Pandoc: idea: include files (and csv tables)

Created on 29 Jun 2012  Ā·  53Comments  Ā·  Source: jgm/pandoc

As far as I understand pandoc can process several files
in one way only. You have to list them in the command line. There is
a solution to simulate include files with scripting. It's indicated
in the pandoc's official guide.

Markdown is a tiny language. We should keep it small. So here is an idea
of how to simulate latex's input command without extending Markdown syntax.
We can overload include image construction. If a file has an image extension,
than it's treated as an image, but if it's .txt, it can be treated as Markdown:

![Show me if there is no such a file](subfile.txt)

I've come to this idea while thinking about long tables.
Imagine that someone is writing a research report. There are long
tables produced by an algorithm. Tables are saved in some
standard format for tables, for example CSV. And then user can write

![So it goes](table.csv)
high enhancement Markdown reader

Most helpful comment

Full support for markdown inclusion would probably have to be baked into pandoc.
If you just read the file and parse it as markdown using a filter, then e.g. you can't have reference links or footnotes that are only defined in the included file.

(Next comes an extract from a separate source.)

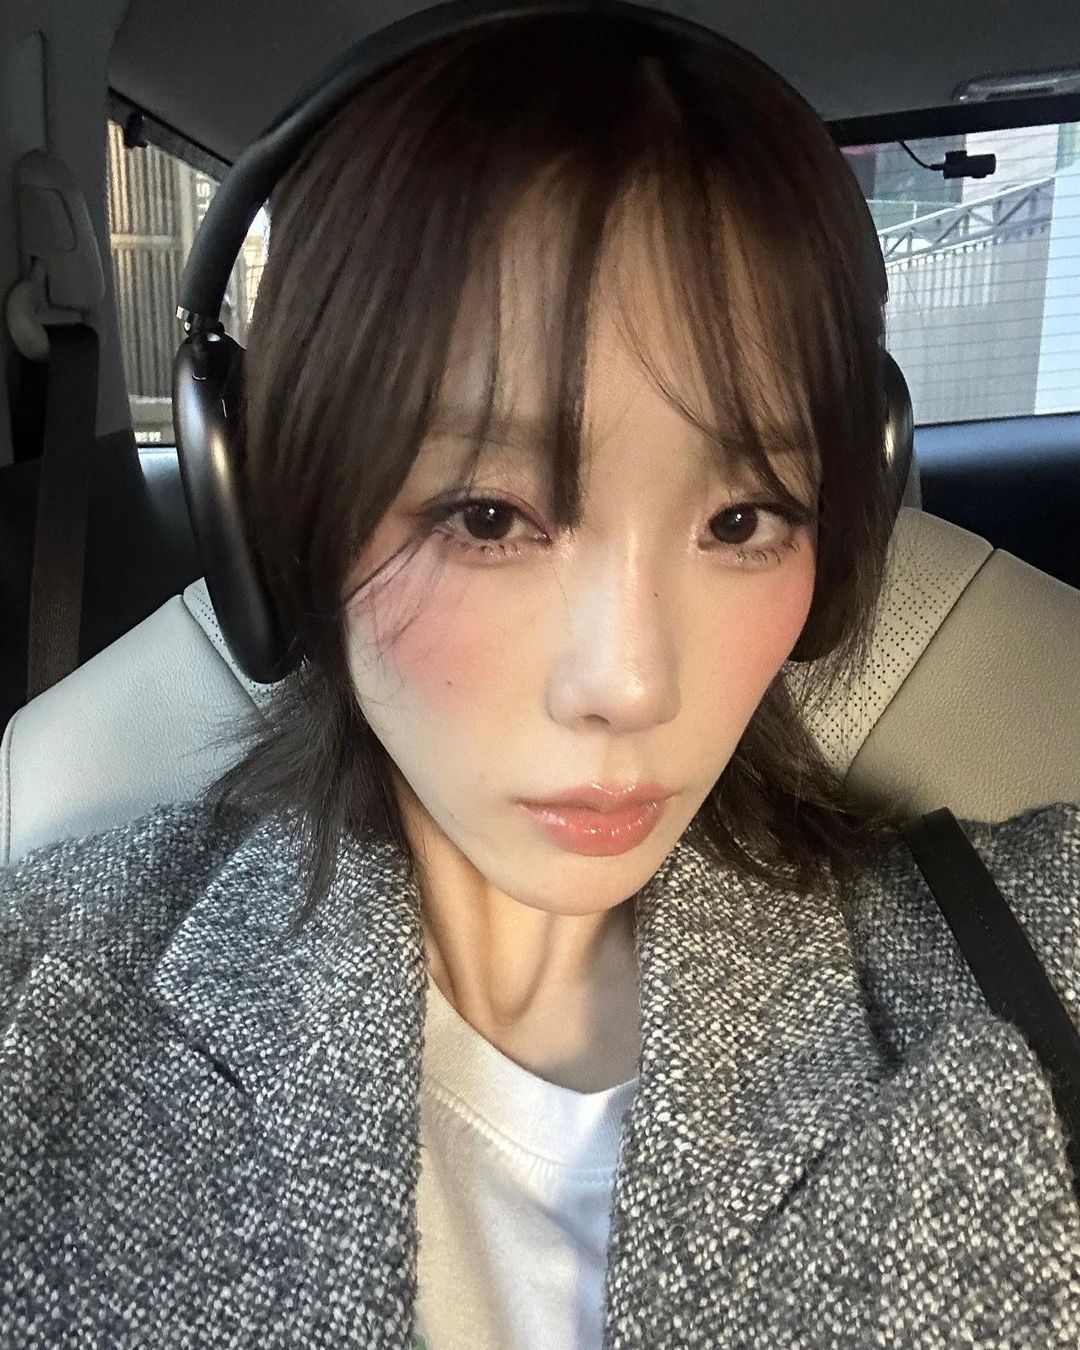 Taeyeon, a drawn face... Running backwards alone in the fattening fall

So this is something I'd consider. We already have most of the code we'd need for this kind of thing, since we support includes in reST.

All 53 comments

Not sure if this would fit in Pandoc's goals as being a "universal document converter", but you can do this easily with some wrapper around Pandoc. This would of course require some technical skills from you, but you would gain much more then the above suggested features.

There are a bunch of programming tools in Pandoc extra, from which I know (and develop) pander. You could easily write a simple brew file which would compile a list of all images in a directory and create a link for those and also reading csv files and printing would be not problematic too (e.g. putting a simple read.table(foo) in a brew chunk between <%=...%> tags.

I hope you would find this useful.

anton-k, I like the idea; had something similar in mind, when writing
a technical report recently. File-extension-dependent inclusion would be a nice
pandoc-extension for markdown.

Another idea related to that:

It would be great to have more general support for literate programming.

Currently I use the R-knitr-package
for mixing programming languages in technical reports; as an example see
https://github.com/yihui/knitr/blob/master/inst/examples/knitr-lang.Rmd.

Using pandoc directly with a file format, say lmd -- for literate markdown,
would facilitate the workflow considerably.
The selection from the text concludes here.